The more prevalent philosophical view of the past few centuries has been the charitable conviction that men and nations are essentially good, and that once they are liberated from the fetters of superstition, tradition, and oppressive political order, men will unite into one happy family governed by the popular will. In one form or another, it was the dream of Robespierre and Napoleon, of Marx and Lenin, and of Adolph Hitler, who once confided to Hermann Rauschning that national states had outlived their usefulness. The time had come, he said, for world government.
Today, the specific form this delusion takes, at least in public, is democratic globalism. But no one above the age of 25 can seriously believe that the world will ever be governed, in whole or in part, on democratic principles. Democracy can work in a church congregation, certainly, and in a small town, yes, and in a rural state, perhaps, but not in the city of New York or the state of California, much less the United States. Most of these political entities, I think we all understand, are governed by the machinery of cabals and interest groups. Their family feuds may sometimes give the impression of democracy, but then even the most rigid oligarchies sometimes succumb to partisan struggles. Hitler had to eliminate Ernst Rohm and the SA; Stalin purged the Trotskyists, Bukharinists, and—incidentally—the Jews from the Communist Party.

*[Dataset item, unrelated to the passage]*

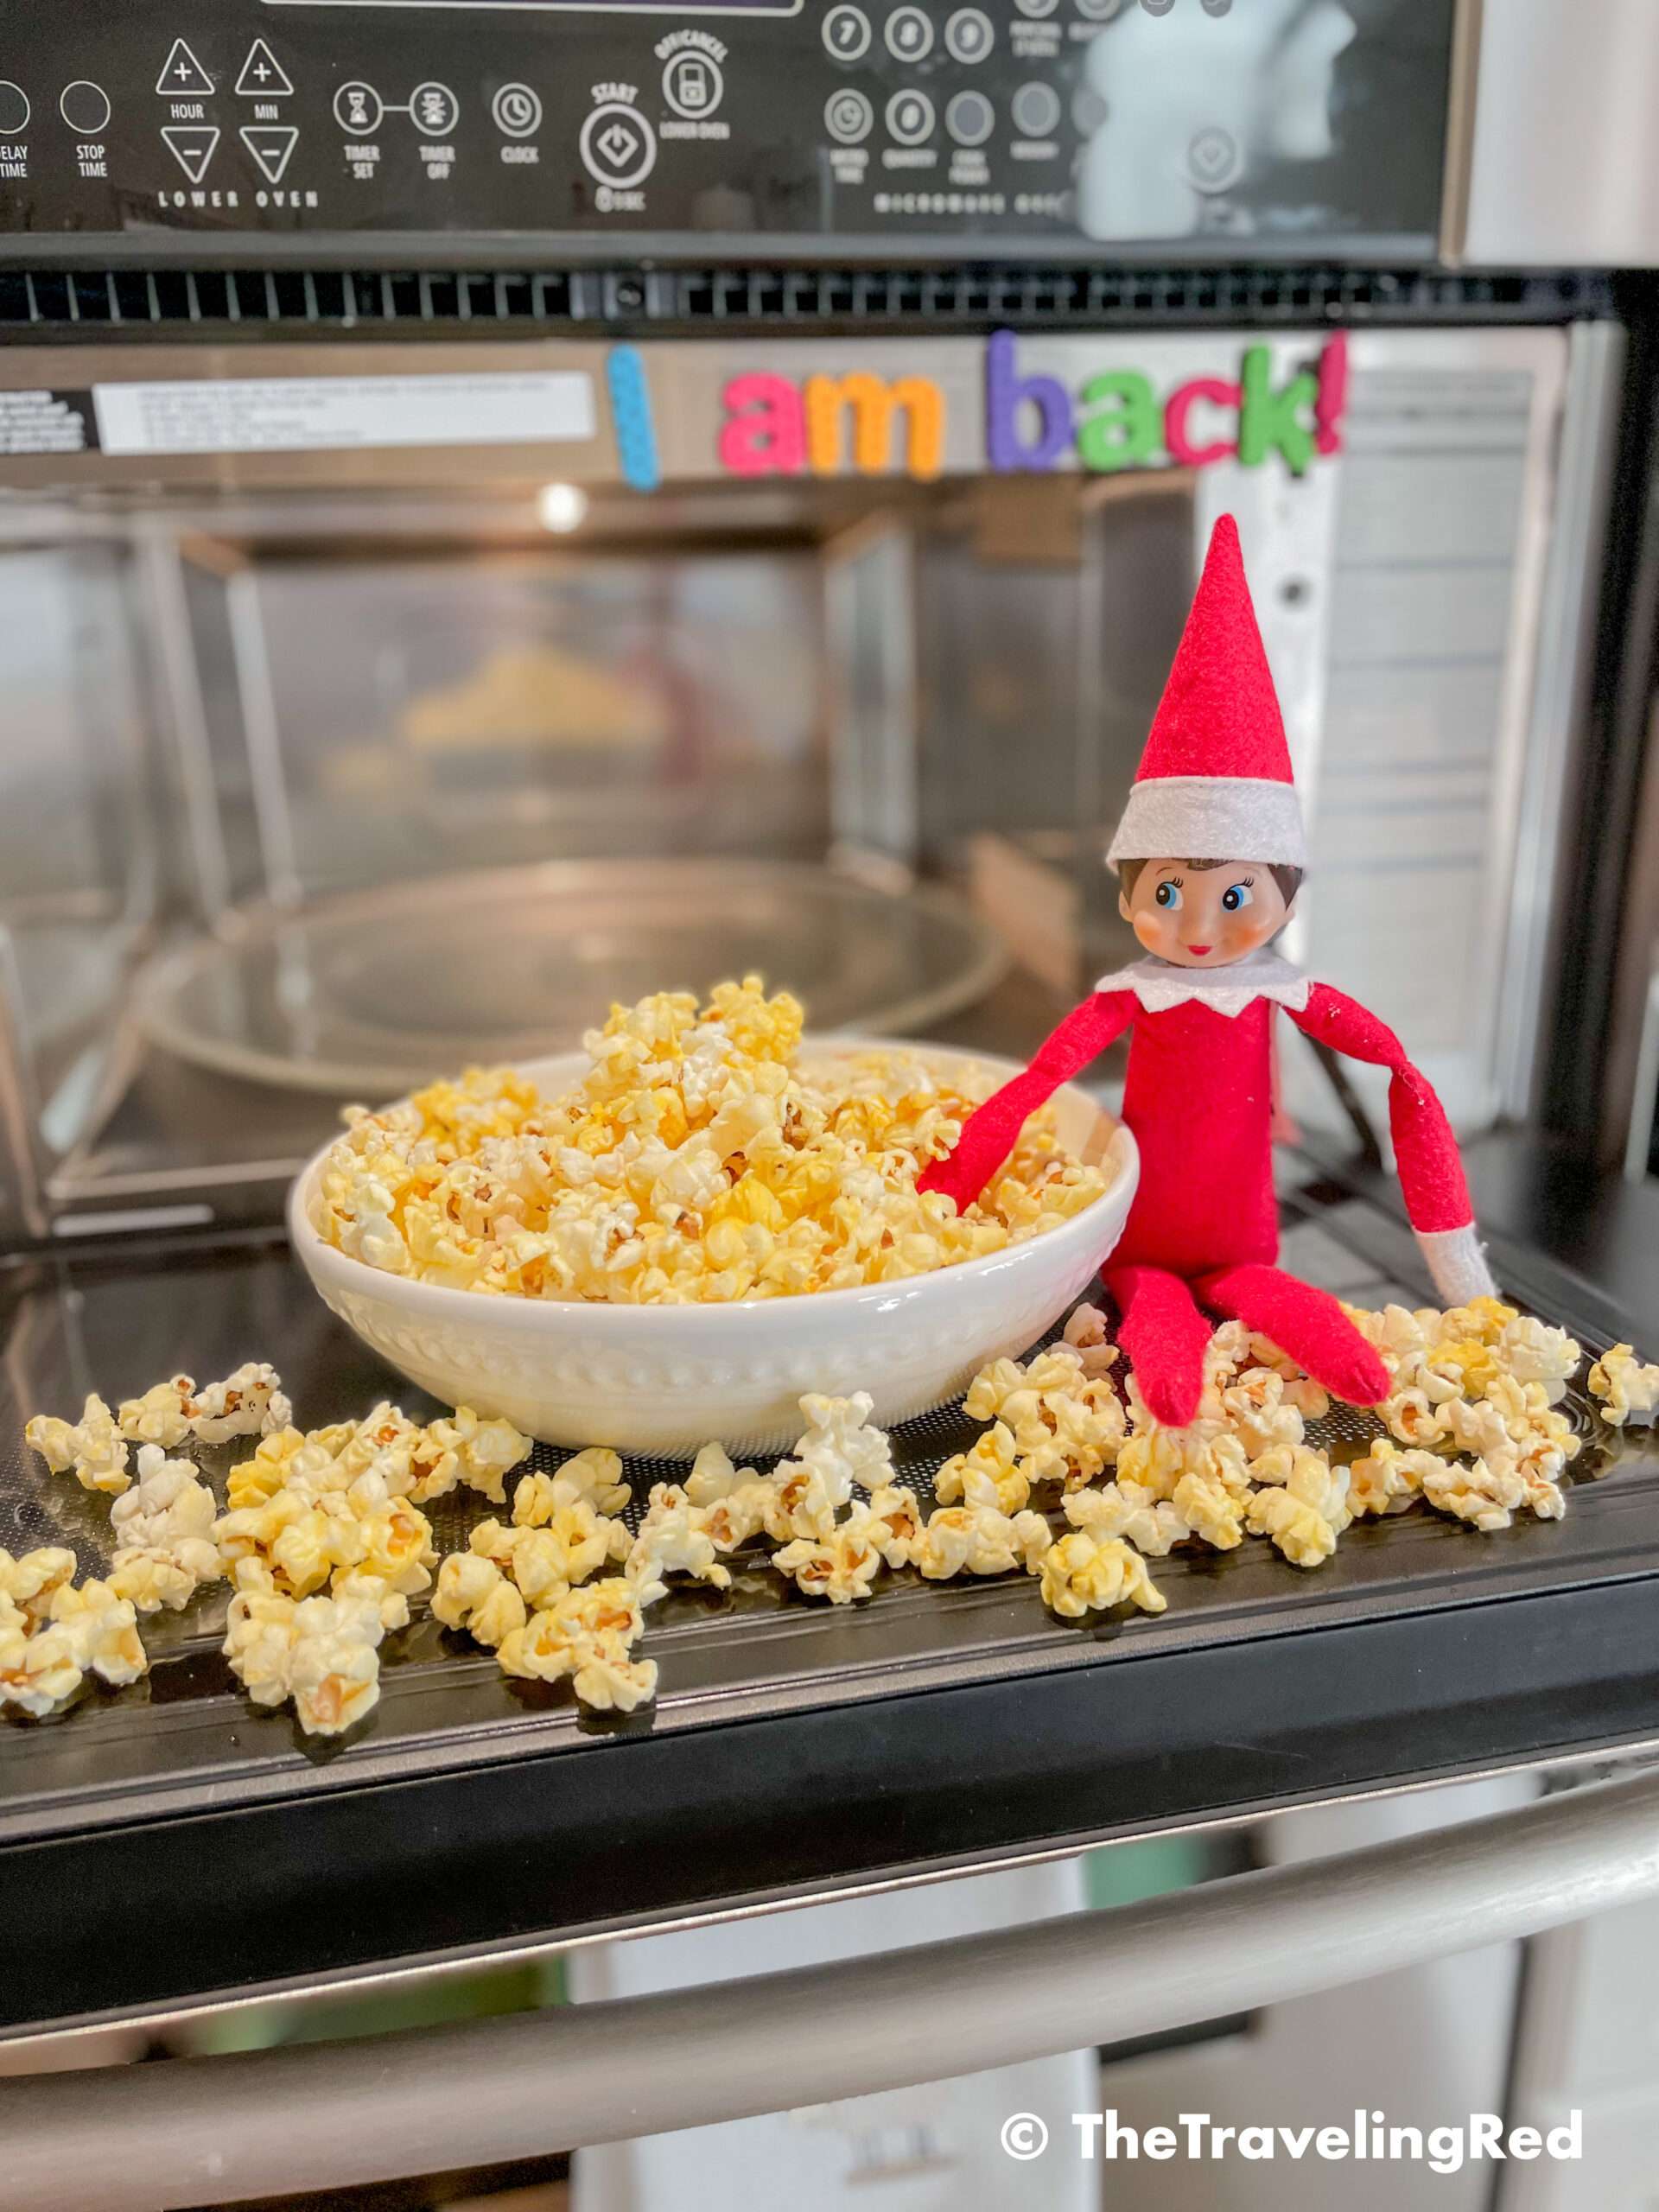 Naughty Elf on the shelf made popcorn and made a huge mess in our kitchen. We had popcorn on the floor and all over the microwave. She also used our magnet letters to leave a message. Fun and easy elf on the shelf ideas for a naughty elf that are quick and easy using things you have at home.
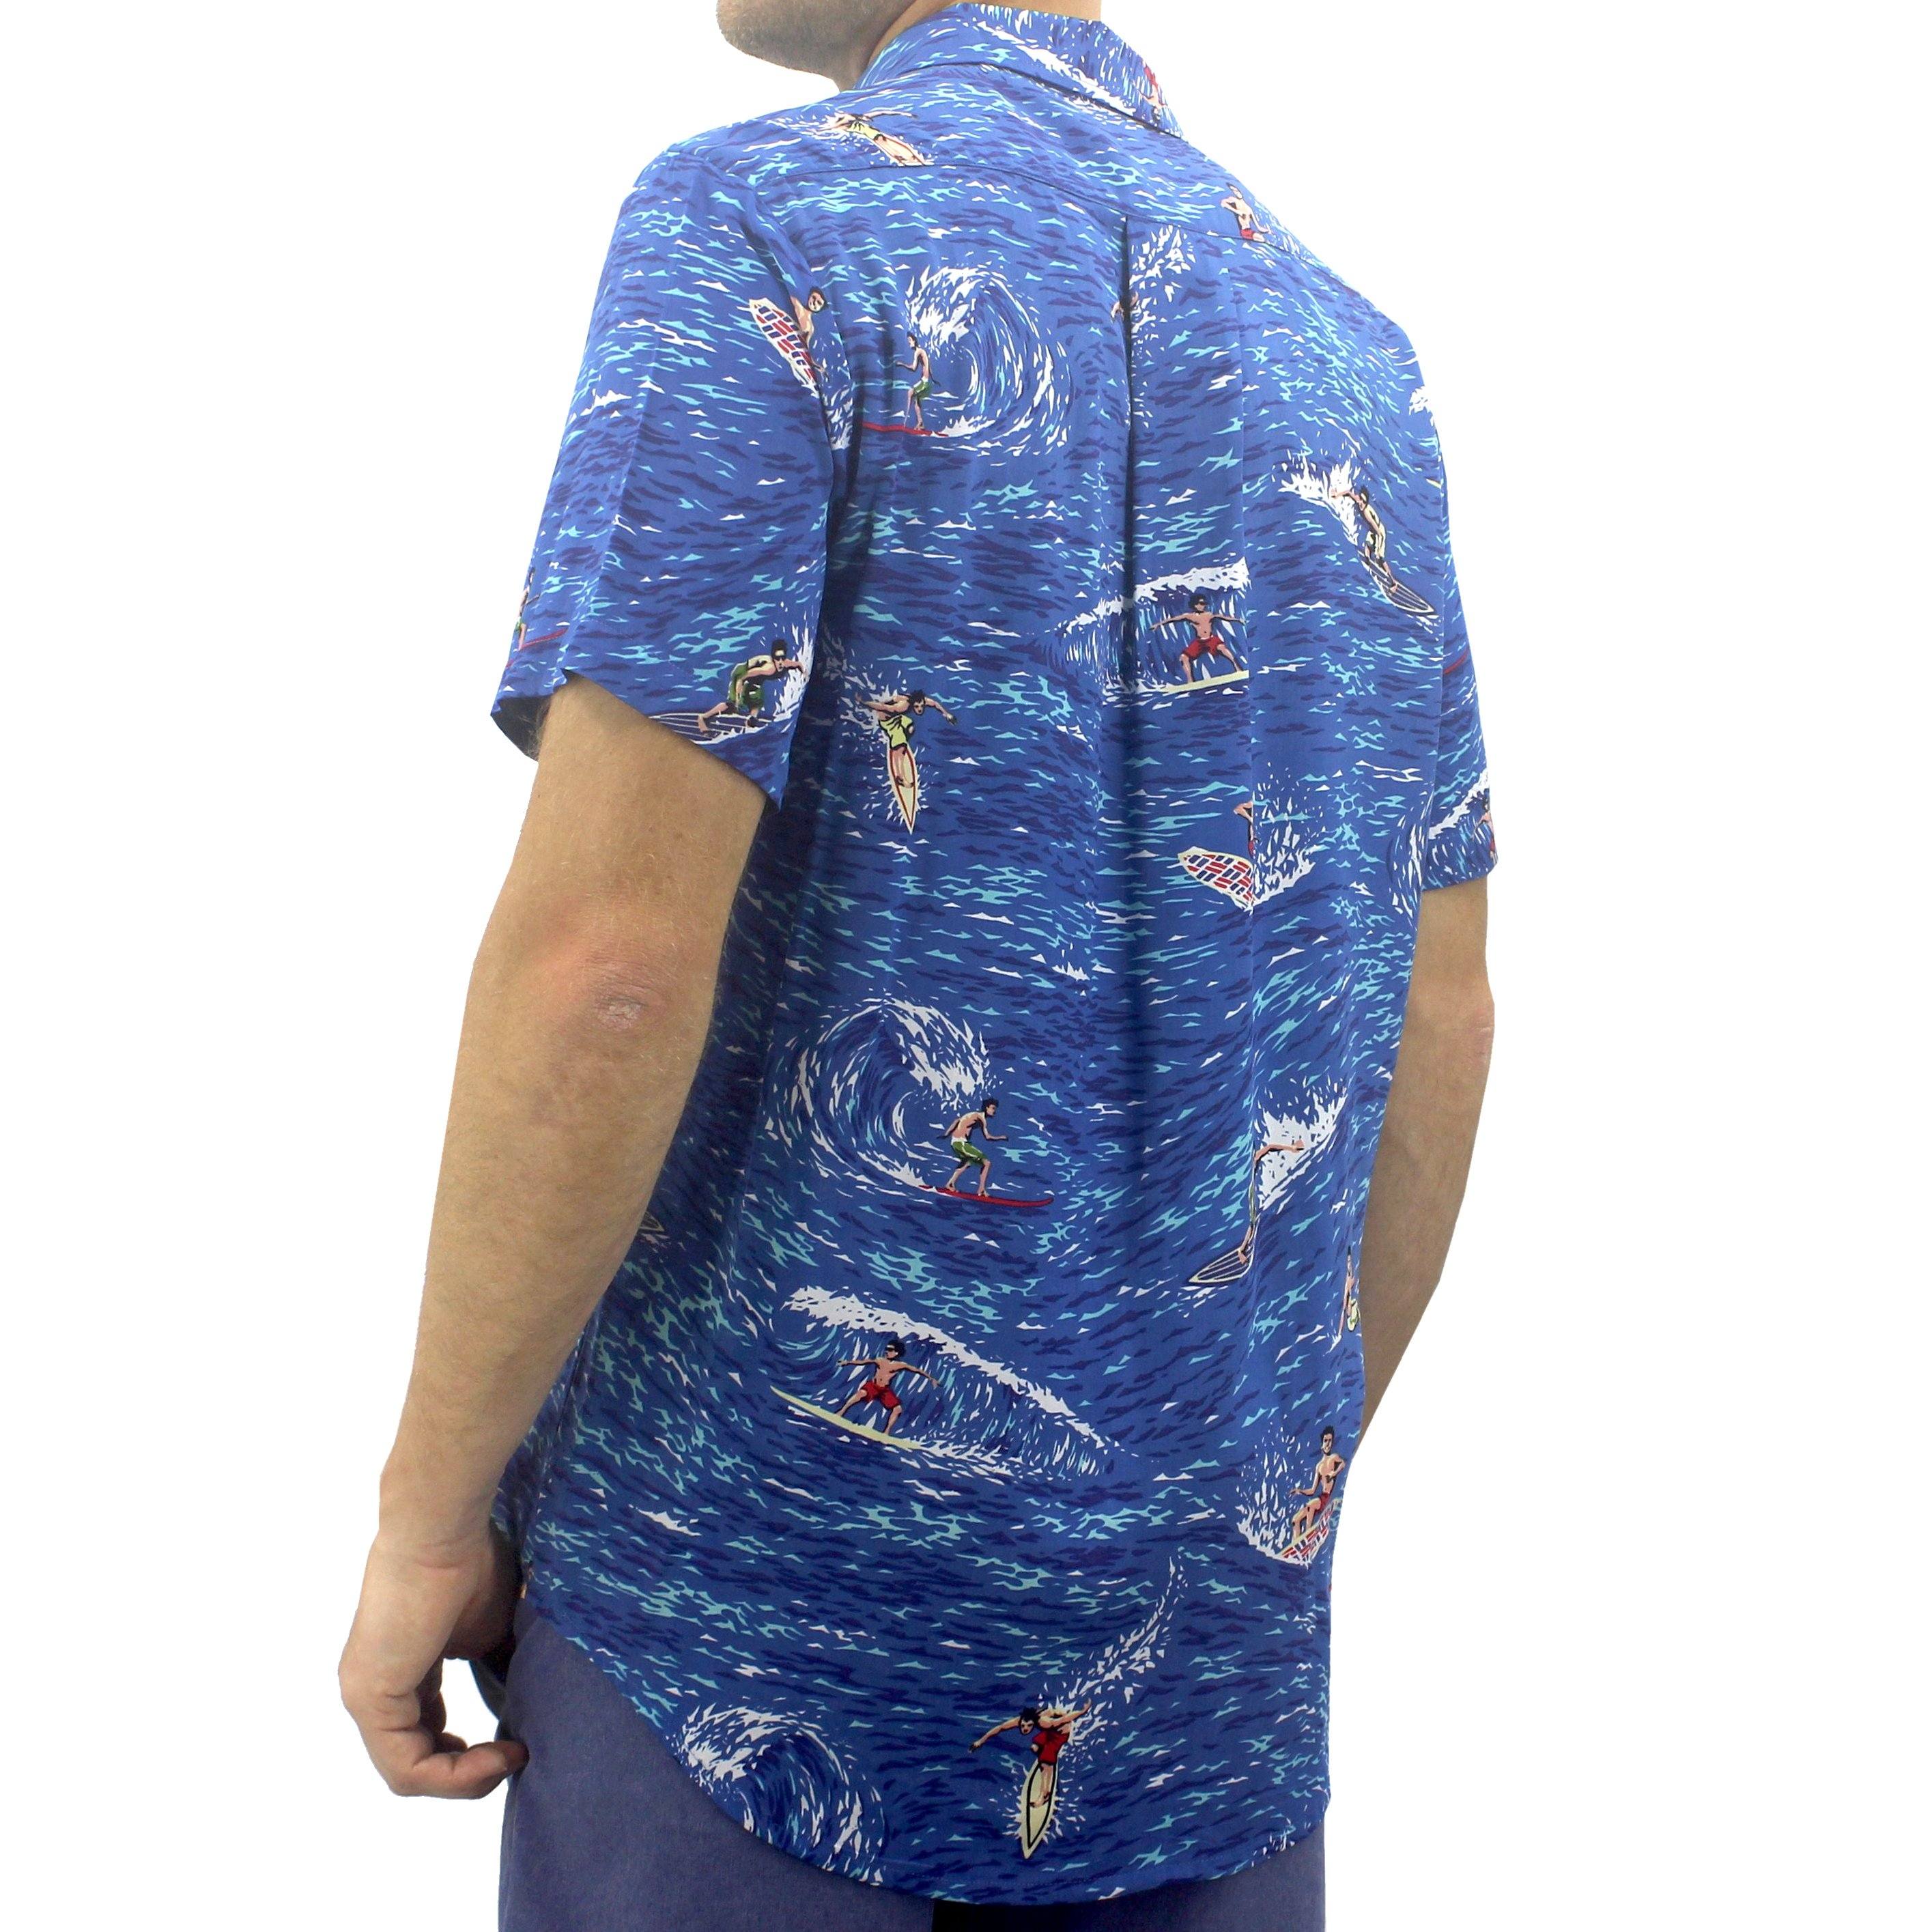 Surfer Patterned Cotton Summer Short Sleeve Button Up Shirts

In America, however, our own party state—the tool of government contractors, unionized government employees, and minority interest groups—can deal more successfully with each competing claim by buying them all off with tax dollars. As for the limited government that depended upon a responsible citizenry of farmers and tradesmen who knew how to mind their own business—what we used to call democracy in the days of Jefferson, Jackson, and Bryan—there is hardly a trace to be found, except in remote areas that have kept themselves relatively free from the infection of federal funds.
If the current dream of world unity and the end of history has little or nothing to do with democracy, then what precisely is the meaning of all this talk of global democracy? Conservatives do not know what to make of it, because ideology—especially a global ideology—is foreign to their nature, but leftists, who have been putting up with this New Republican silliness for some time, know a scam when they see one. John Judis, writing recently in In These Times, came close to endorsing the old conservative isolationism that is enjoying a modest revival these days, but the best comment was made by Erwin Knoll, the genial editor of the far-left Progressive, who frequently hears complaints that his magazine does not appear to support world government. Knoll’s answer, he told me, was always the same: if they think the government of the United States is a repressive tyranny, what do they think these people will do when they run the whole world, without any fear of competition? And if you can answer that question, you are ready to face the millennium.